Brillenträger kennen das Dilemma: sie treten aus der Kälte in einen beheizten Raum und werden binnen Sekunden mit beschlagenen Gläsern bestraft. Bevor die gewohnte Sehkraft wiedererlangt ist, darf zunächst ordentlich gewischt werden.
Einem ähnlichen Prinzip folgt das neuartige und äußerst ungewöhnliche Uhrenmodell aus dem Hause FORTIS – mit dem Unterschied, dass die störende Reaktion einem spannenden Effekt weicht.
Die in Zusammenarbeit mit dem Designer Rolf Sachs entwickelte Frisson – was im Französischen so viel wie Frösteln oder kalter Schauer bedeutet – sieht passend zur kalten Jahreszeit so aus, als wäre sie mit Frost überzogen. Bevor die Uhrzeit erkennbar wird, muss das Glas erst einmal beatmet werden! Erst nach dem “Anhauchen” der Uhr, werden Zifferblatt und Zeiger sichtbar.

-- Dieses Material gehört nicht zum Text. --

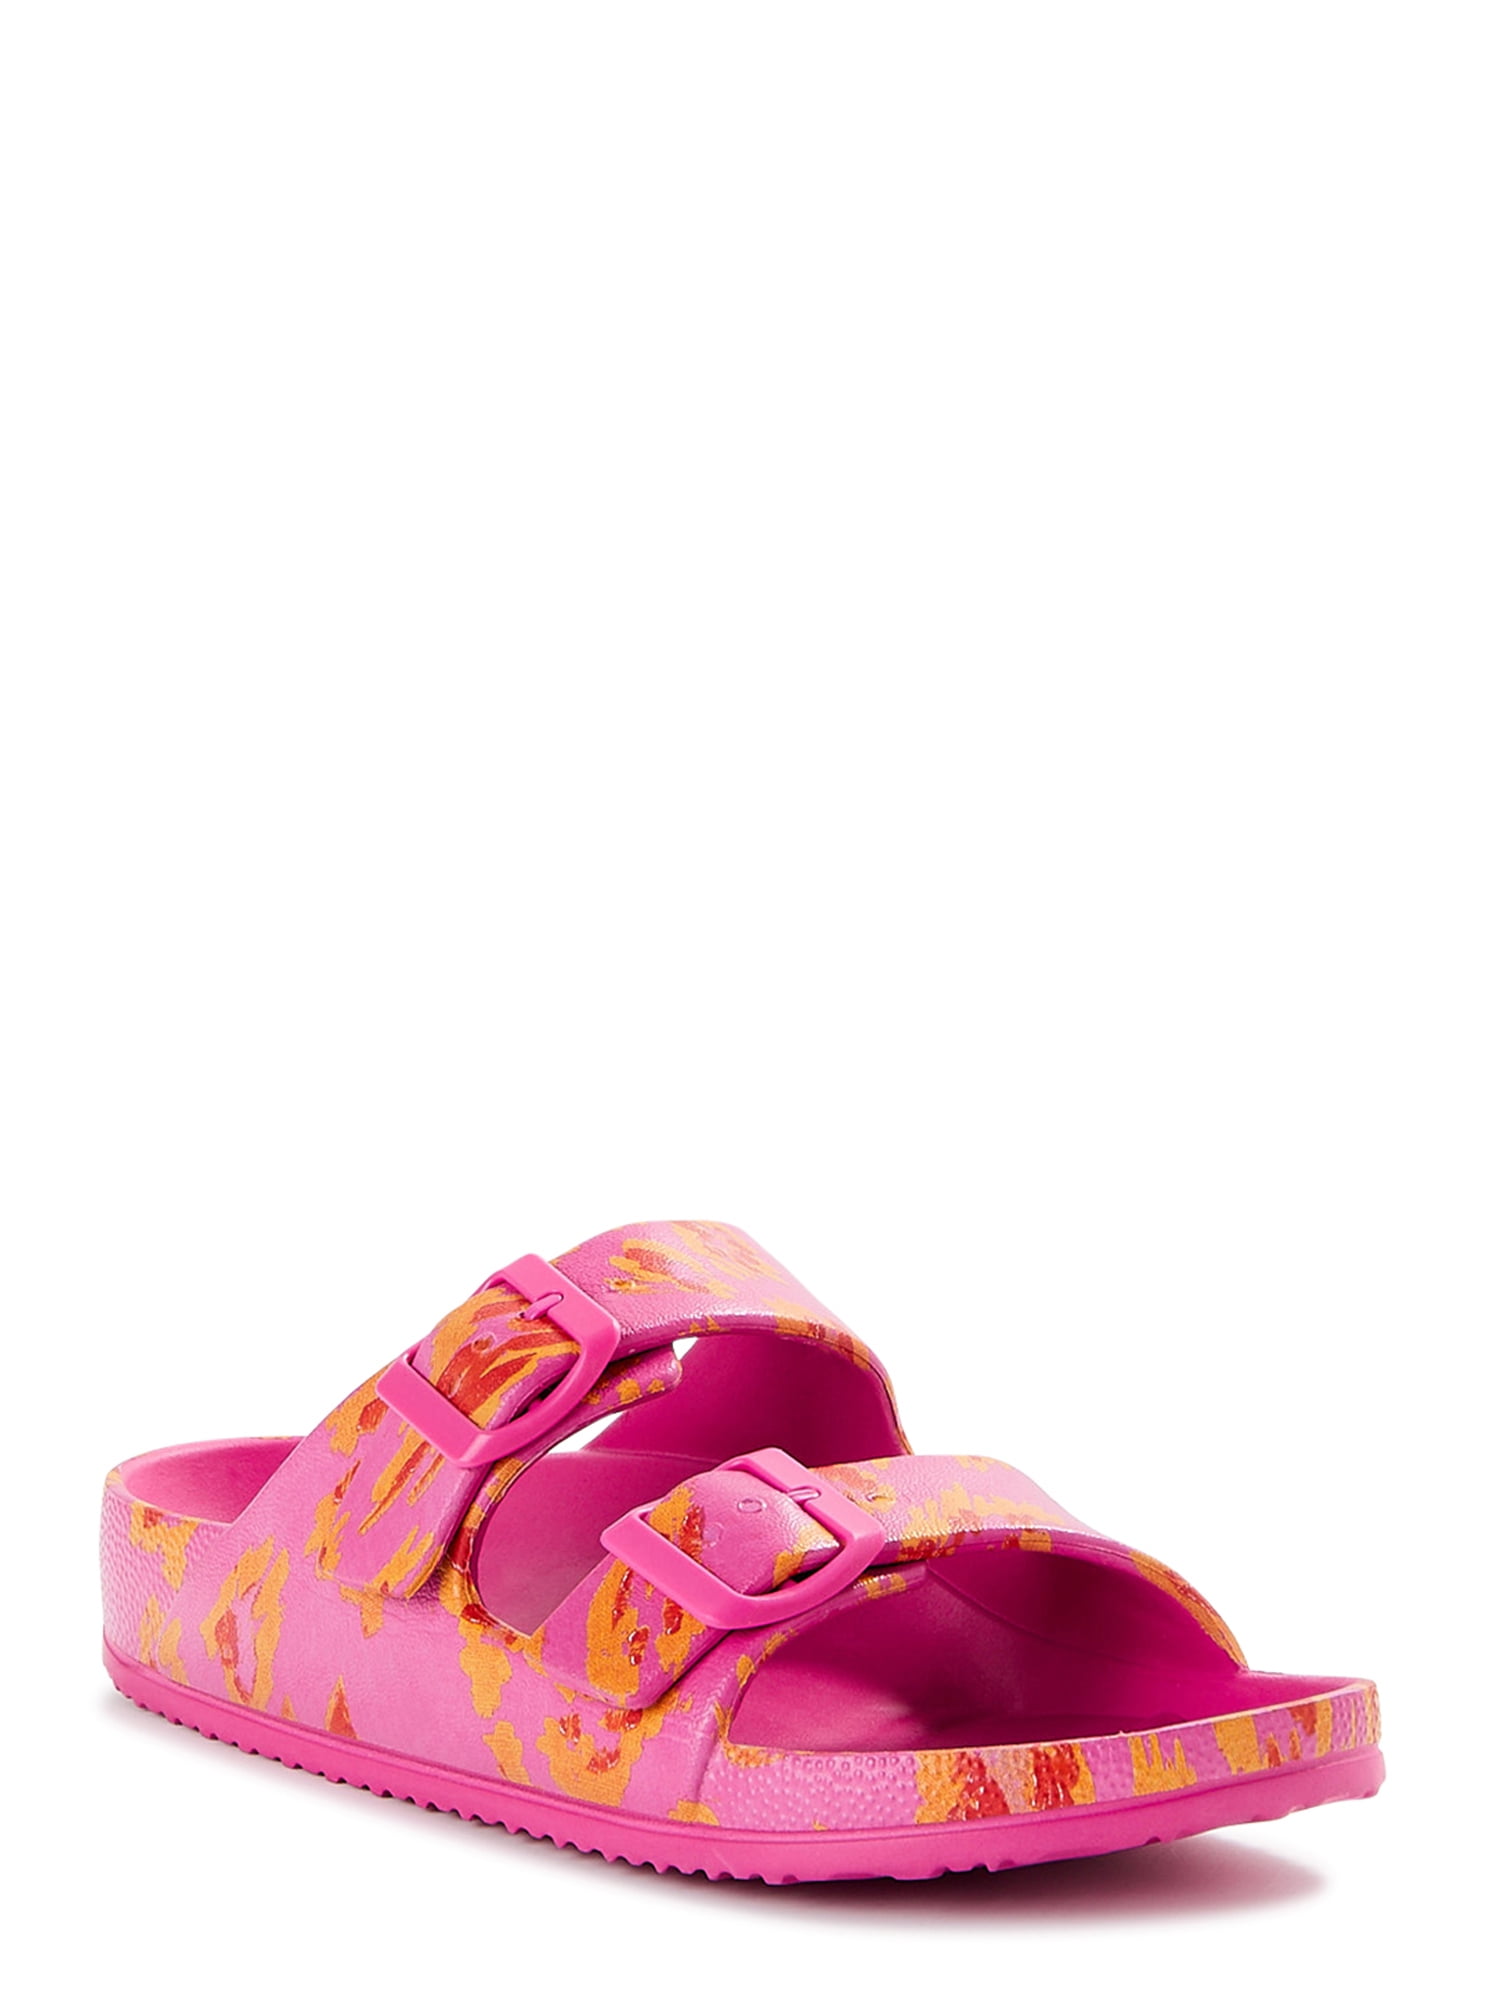 Scoop Women's Slide Sandals with Printed Footbed - Walmart.com

Während das brossierte Stahlgehäuse, das transparente Silikonarmband mit Faltschließe und die mit Leuchtmasse belegten Zeiger den Eindruck winterlicher Distanz noch verstärken, lockern die handgeschriebenen Ziffern die kalte Anmutung selbstbewusst auf. “Ich wollte, dass die Frisson etwas Faszinierendes, vollkommen anderes hat. Ich habe handschriftliche Ziffern statt der üblichen dicken Grafiken verwendet, da diese oft steril wirken. Das gefrostete Uhrengesicht ergibt ein überraschendes Element, ähnlich der Kondensation eines eisgekühlten Wodka-Glases direkt aus der Tiefkühltruhe. Der Träger wird aufgefordert, physisch aktiv zu werden, da erst ein Wischen mit nassem Finger über das Glas oder ein Atemhauch völlige Klarheit bringt”, erklärt Sachs sein Design.
Auch wenn das auf 999 Exemplare begrenzte Modell nicht die praktischste Uhr aller Zeiten darstellt - sie ist im wahrsten Sinne des Wortes atemberaubend …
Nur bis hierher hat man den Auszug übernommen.